Wäre echt super wenn ihr mal wieder was von Vanguard zeigen würdet.Es hat sich ja mittlerweile einiges dort getan.


----------



## Gorguz (25. Januar 2008)

Ahhh gut , wünschen . 

Zam anscheinend bisst du hir ein bisschen gesprächiger als bei den Komments .

Mal ne kleine frage am rande . Bremst ihr die Streams eig mit absicht aus , um leute zum

Premium acc zu zwingen ? ich hab dsl 6000 . ist nicht soo lahm . Aber 45 mins fürs streaming ist bisschen

heftig oder ?


----------



## ZAM (25. Januar 2008)

Gorguz schrieb:


> Ahhh gut , wünschen .
> Zam anscheinend bisst du hir ein bisschen gesprächiger als bei den Komments .

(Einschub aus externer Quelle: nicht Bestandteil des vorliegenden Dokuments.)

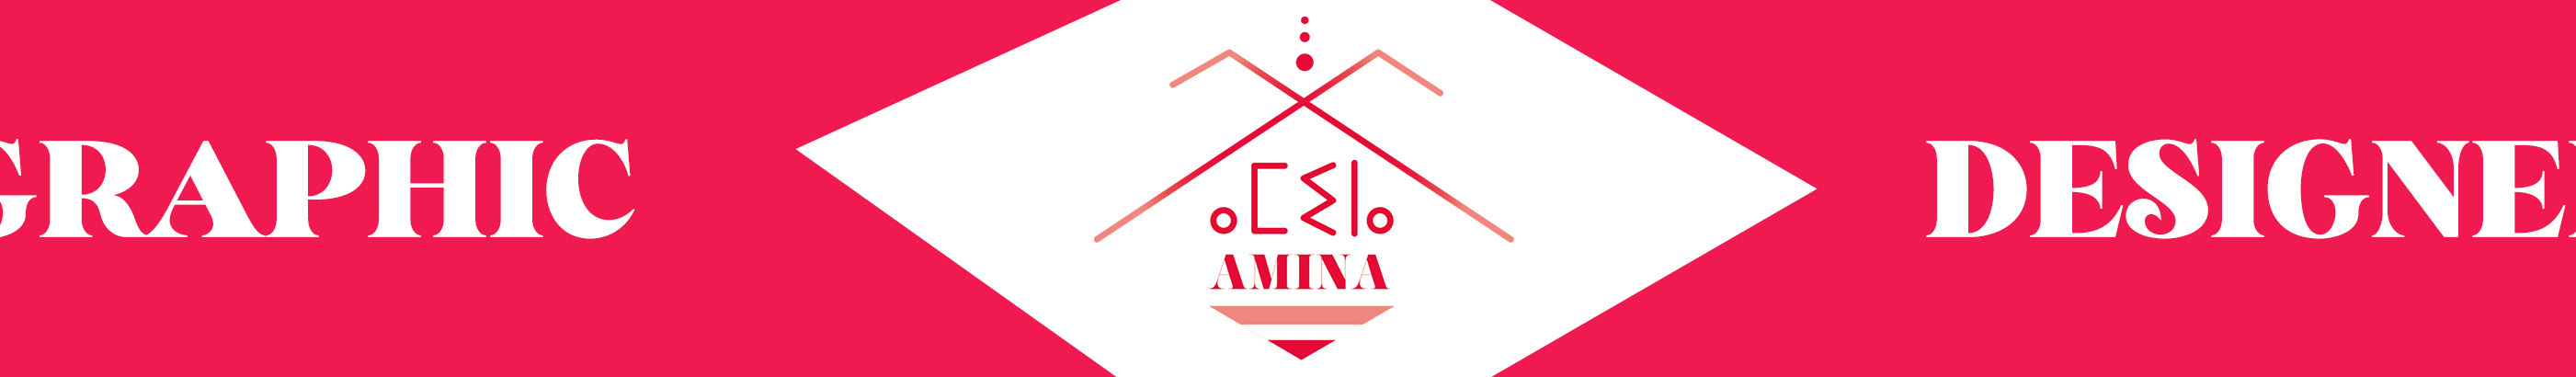 Banner de perfil de Amina M.

Man muss sich schon einen Ort aussuchen, an dem man etwas schreibt, sonst ist das eine 24/7 beschäftigung. Einige user wollen neben den normalen Support-Anfragen im Forum und per Email auch gleich noch persönliche Beratung per PN, das man in ihren Blogs antwortet oder auf Gästebucheinträge. Irgendwo müssen wir da auch mal einen Strich ziehen und die Support-Quellen auf Forum und Email beschränken - Heißt aber nicht, das wir in den Kommantaren überhaupt nichts schreiben. 

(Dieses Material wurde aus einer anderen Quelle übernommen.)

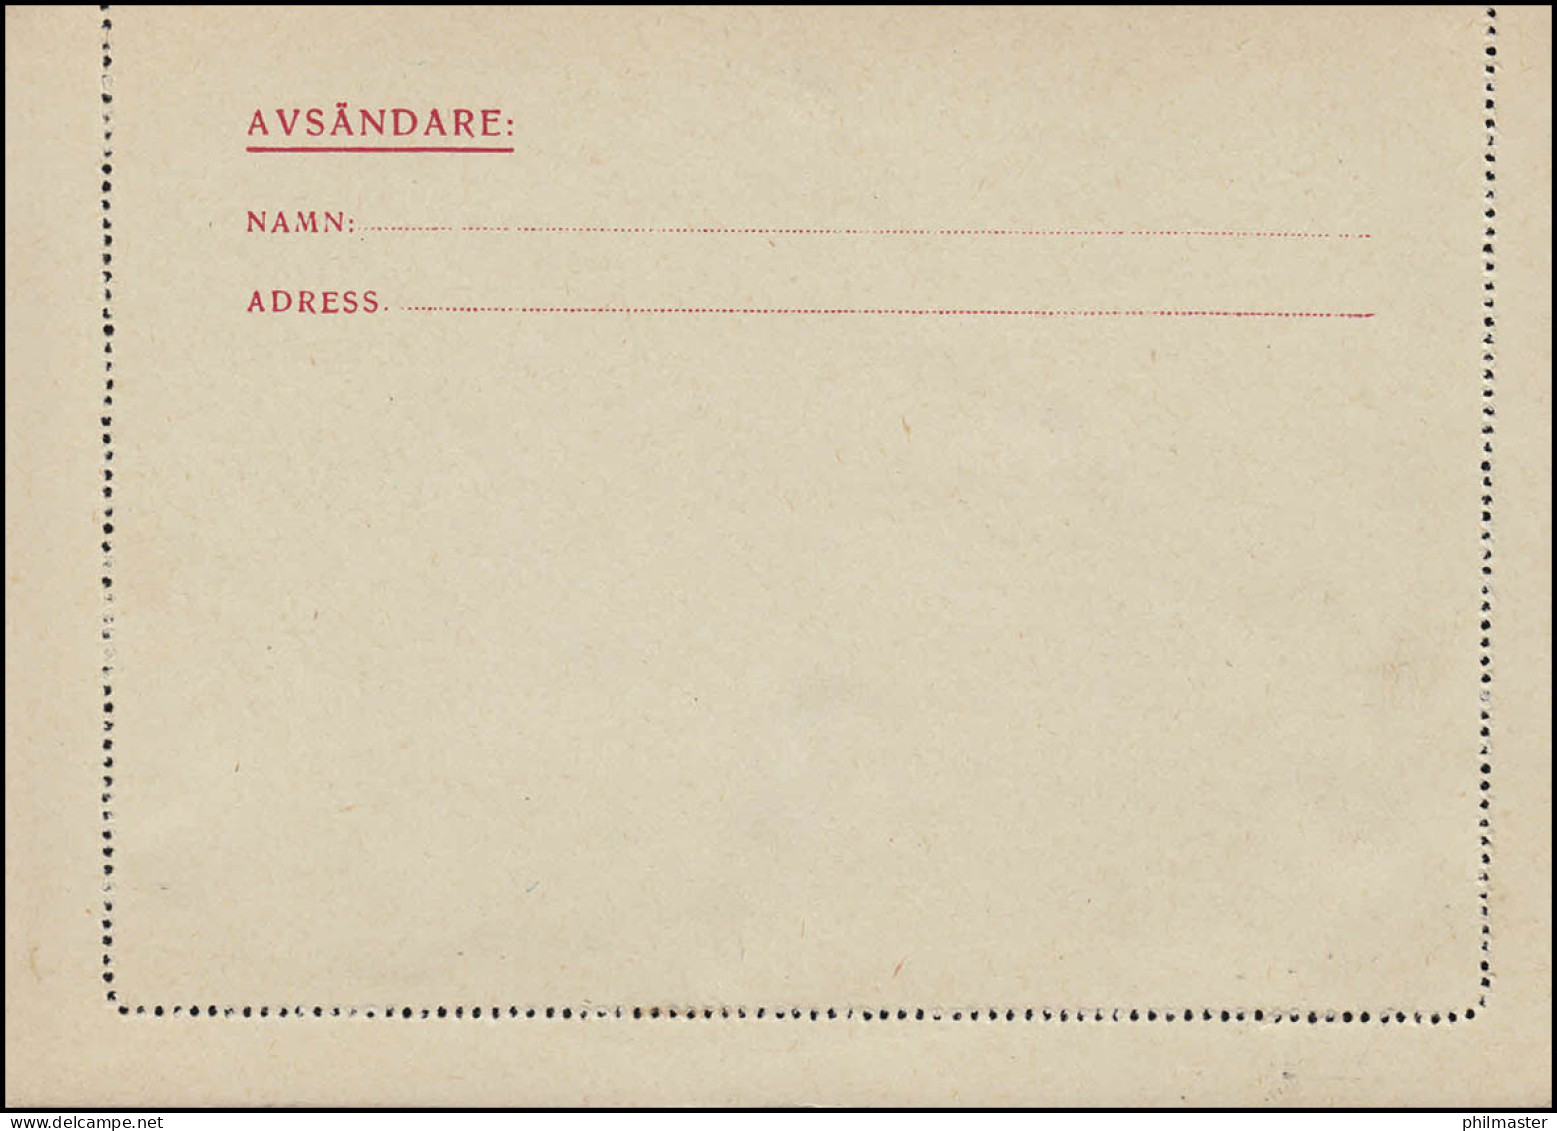 Kartenbrief K 27IW KORTBREV 15 Öre, STOCKHOLM 10.10.1930 Nach Göteborg - Interi Postali

			Dieser Inhalt steht nur eingeloggten Mitgliedern zur Verfügung.
        






> Mal ne kleine frage am rande . Bremst ihr die Streams eig mit absicht aus , um leute zum
> Premium acc zu zwingen ? ich hab dsl 6000 . ist nicht soo lahm . Aber 45 mins fürs streaming ist bisschen
> heftig oder ?



Deine Leitung kann noch so gut sein, wenn der Upstream einfach dicht ist. Einige User haben zum gleichen Download-Zeitpunkt sehr gute Geschwindigkeiten, andere wieder nicht. Selbst als Premium-User hast du Donnerstags, keine schnelleren Downstreams. Uns ärgern die Geschwindigkeitseinbrüche auch, aber die Leitung ist Donnerstags regelmäßig dicht. Eine bessere bzw. erweiterte Anbindung ist momentan aus verschiedenen Gründen nicht möglich. Das Auslagern der Shows auf öffentliche Video-Portale ist keine Option, der wir nachgehen wollen, wenn die Shows dadurch über andere Webseiten und nicht nur über buffed.de erreichbar sind.


----------



## JonneAaron (8. Februar 2008)

Ich habe mal einen Vorschlag, für ein kleines, neues Themengebiet für die Buffed-Show.
Und zwar lese ich mir seit einigen Tagen sehr viele WoW-Vorschläge im offiziellen WoW-Forum durch und muss sagen, dass echt viele sehr gute Ideen dabei sind. Manchmal gerät man richtig ins Schwärmen, wenn man sich vorstellt, wie das alles in Umsetzung aussehen würde. 

Allerdings merkt man auch, dass, besonders die ausgearbeiteten und daher sehr umfangreichen und ein wenig textlastigeren Vorschläge total untergehen und das ist schade (sei es, weil es zu viele Lesefaule gibt, oder weil doch die undurchdachteren Einzeiler-Ideen mit 50 "/dagegen!"-Beiträgen bestückt und so immer wieder gepusht werden).

Daher wäre es toll, wenn es eine kleine Sektion in der buffed-Show gäbe (vielleicht ein "Denkerstübchen"), in der jedes mal eine Idee etwas genauer vorgestellt wird. Vielleicht auch mit euren persönlichen Kommentaren 


			Dieser Inhalt steht nur eingeloggten Mitgliedern zur Verfügung.
        


Dadurch werden dann (hoffentlich) mehr WoWler dazu angeregt, vielleicht auch mal ihren Senf dazu abzugeben und den Vorschlägen eine größere Chance zu geben, erhört zu werden.


----------